From upstate New York's heirloom veggie craze to the Pacific Northwest's baking boom, regional fare is taking off.
But with zillions of cookbooks coming out every year, how do you figure out which culinary jewels will be worth your precious time and shelf space?
Amazon, that giant aggregator of all things, breaks down about 500 regional cookbooks into manageable bites by curating what it considers the best of its vast collection.
Mari Malcolm, Amazon Books food editor, says she learned a few things putting together the Great American Eats map. For example, while California is a healthful hub of juicing how-to's and guides to going gluten-free, it's also a place where cookbook authors obsess over fatty meat.
"There's lots of charcuterie coming out of California," Malcolm says, like In the Charcuterie: The Fatted Calf's Guide to Making Sausage, Salumi, Pates, Roasts, Confits, and Other Meaty Goods and the new Charcutería: The Soul of Spain, and Sausage Making: The Definitive Guide With Recipes, which is due out May 13.
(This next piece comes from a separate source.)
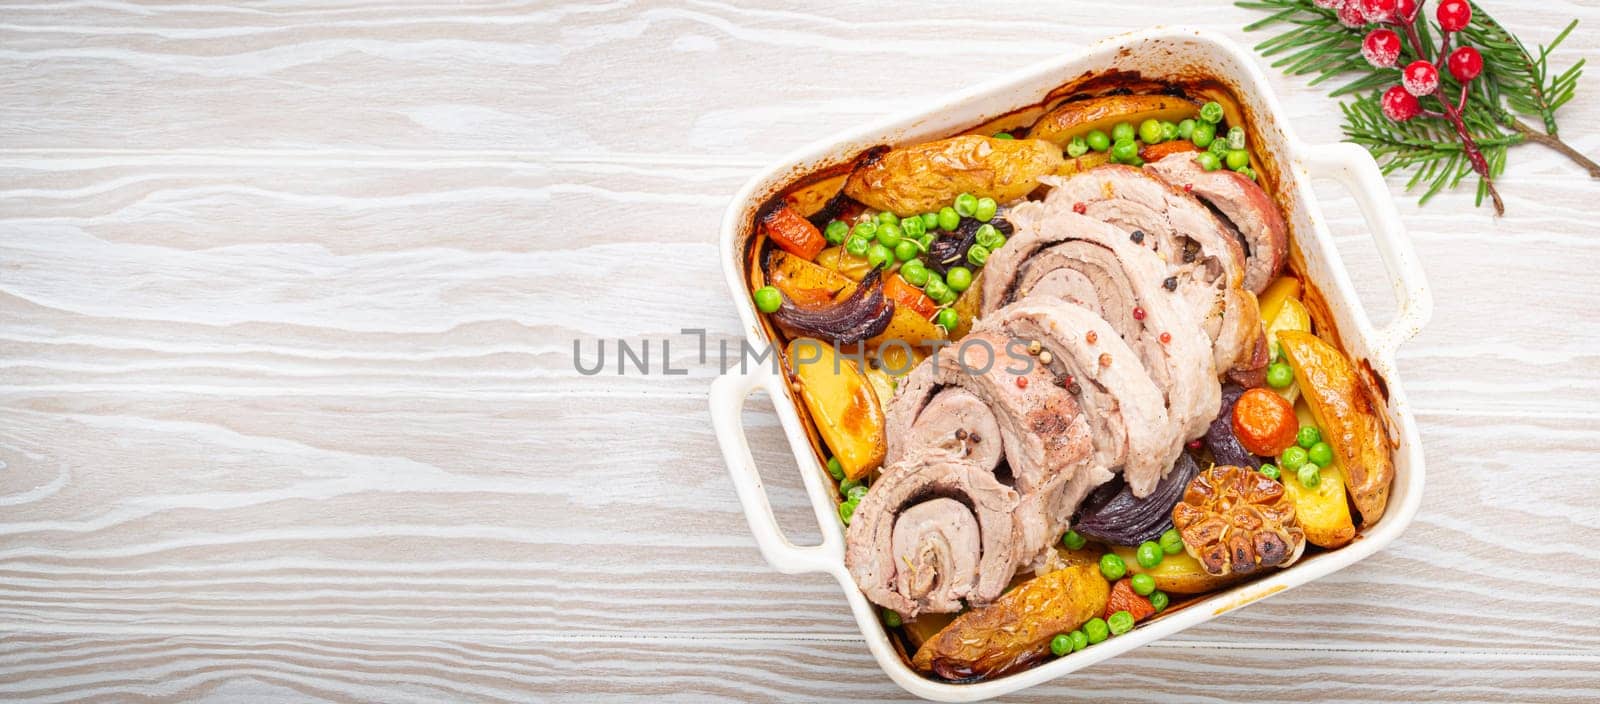 Festive Christmas rolled sliced pork roasted in white casserole dish with potatoes, vegetables and herbs on rustic white wooden background top view. Baked pork roll with vegetables for Xmas dinner by its_al_dente

And while we're on the subject of meat, it's pretty much tops in Texas. The Lone Star State's best cookbooks are "a lot of what you would expect, with barbecue and paleo [diet books]," she says. But Christine Ha's Recipes From My Home Kitchen: Asian and American Comfort Food is a fan favorite. Ha won the third season of MasterChef on Fox and lives in Houston.
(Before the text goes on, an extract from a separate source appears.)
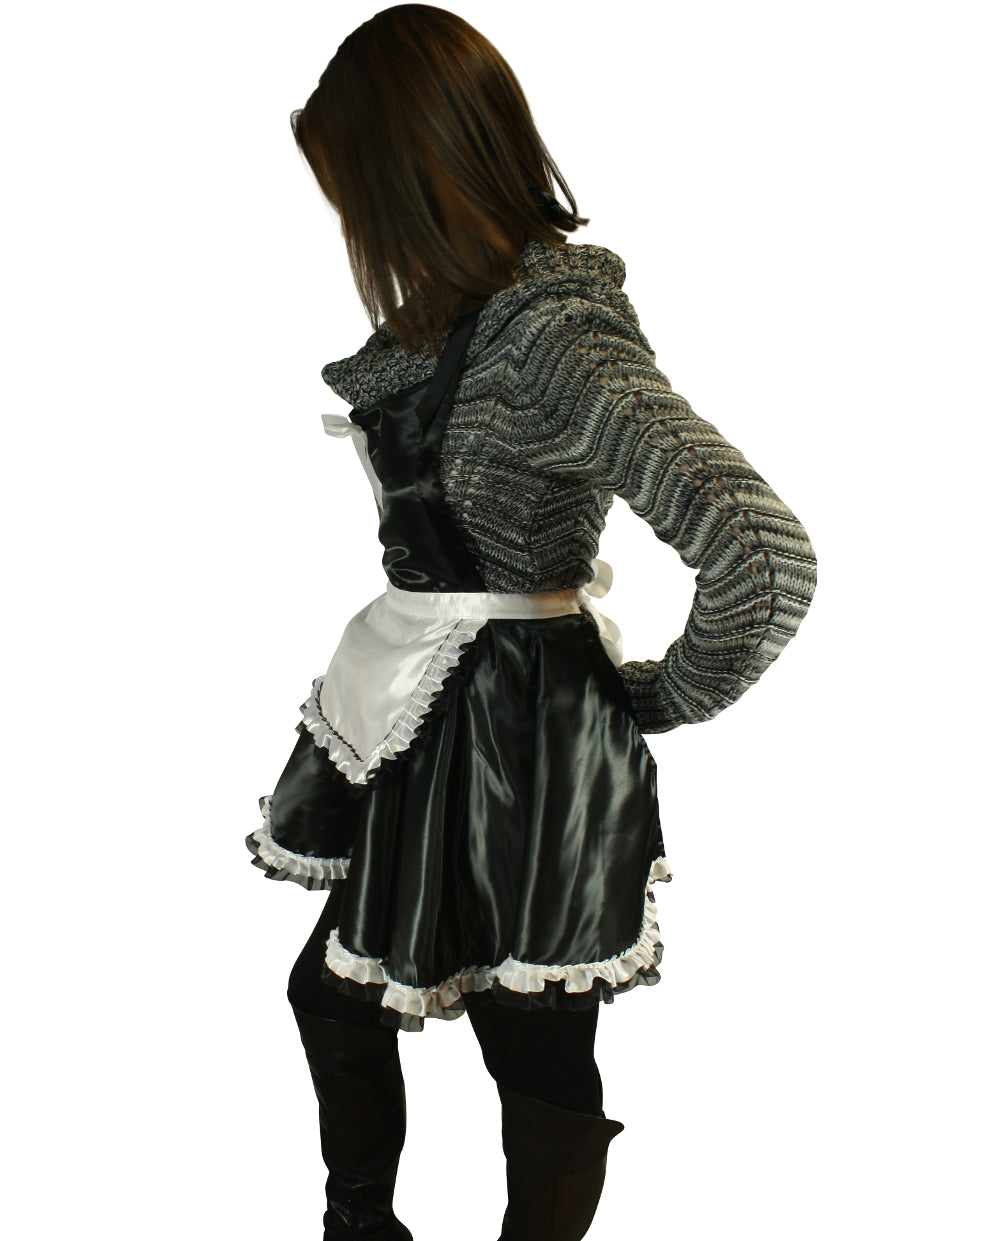 Maid Costume for Halloween or Cosplay or Date Night

The most prolific region for new cookbooks in recent years is the South, with 152 books — think Bobby Deen's Everyday Eats and The New Southern Table. It's followed closely by the Mid-Atlantic, which boasts 105 of the 500 cookbooks on the list, including the coffee-table-worthy Beekman Boys' latest, The Beekman 1802 Heirloom Vegetable Cookbook, and new contributions from celebs Ina Garten, Mark Bittman and Lidia Bastianich.
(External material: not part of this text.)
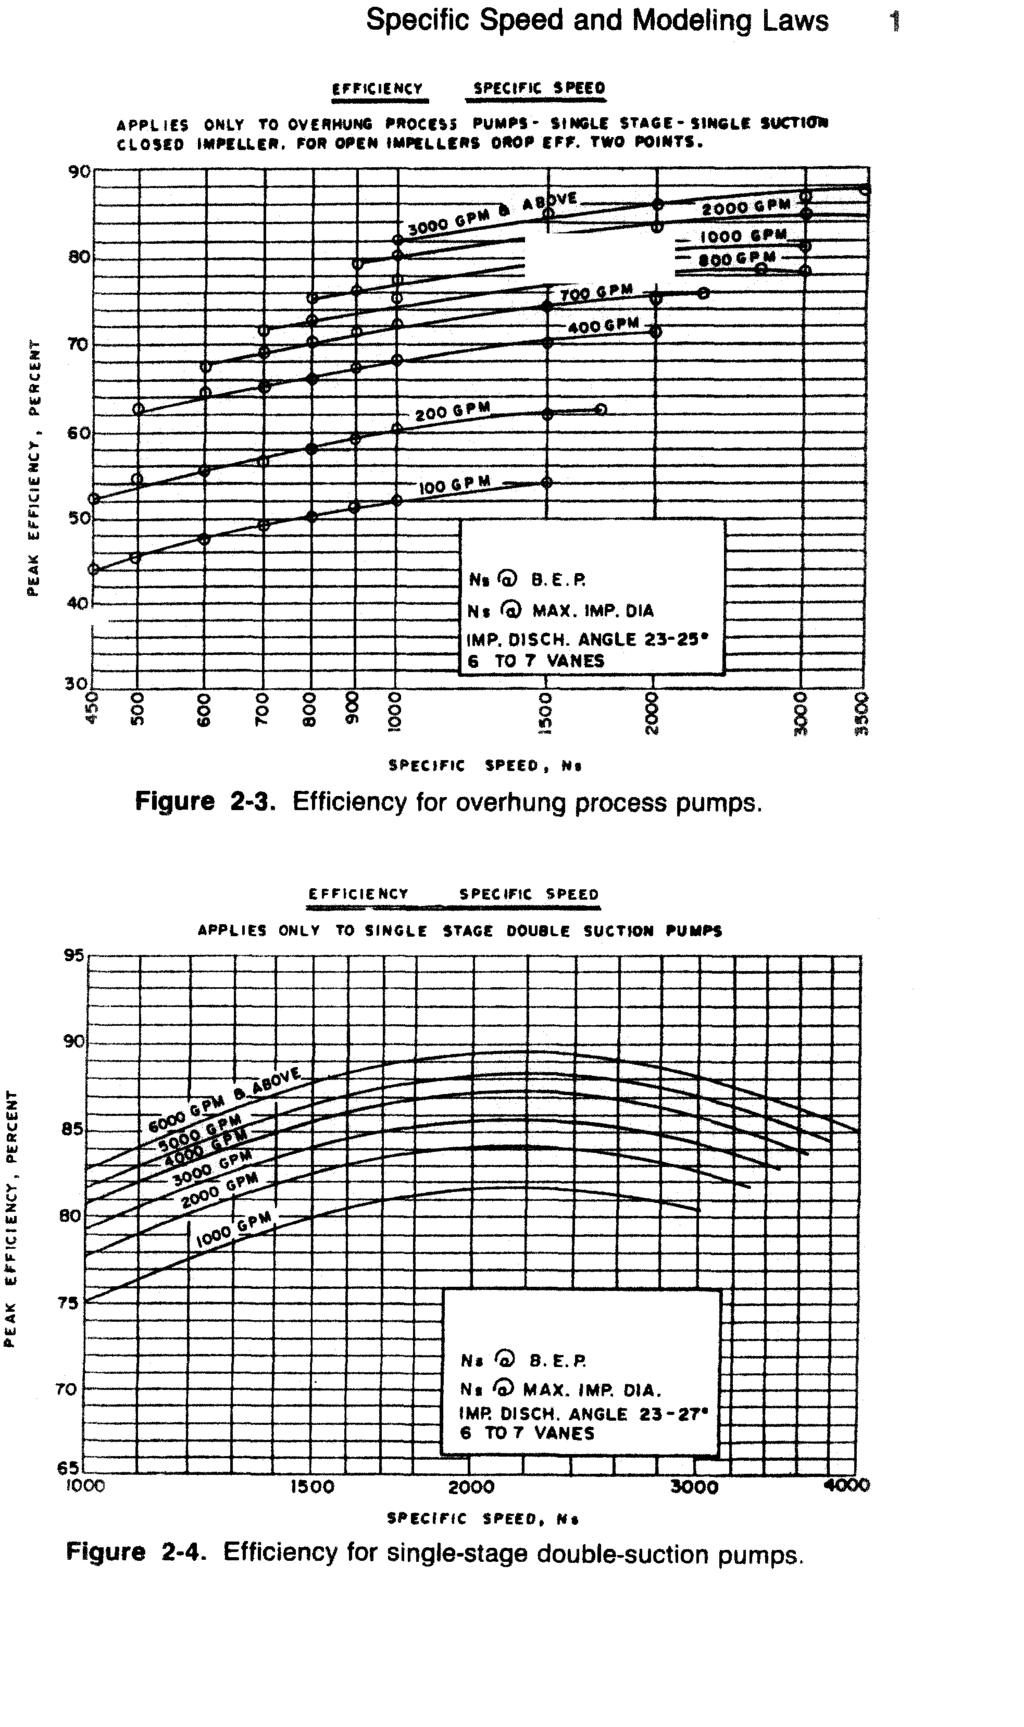 Specific Speed and Modeling Laws 17 Figure 2-3.

Up north in New England, it's history and science-y tomes from America's Test Kitchen.
To develop the map, Malcolm started with books she personally liked, then James Beard and International Association of Culinary Professionals award winners, then historically significant ones like Fannie Farmer and the quintessential African-American contribution from the 19th century: What Mrs. Fisher Knows About Old Southern Cooking, Soups, Pickles, Preserves, Etc. Then she threw in highly rated reader favorites. "Editorial selection criteria didn't have anything to do with sales," she says.
Beyond the map, Amazon says, more American cookbooks these days are incorporating food with once obscure ingredients and a global edge, be it Asian, Middle Eastern or Latin. "There's a lot of international cooking ... across the country," Malcolm says.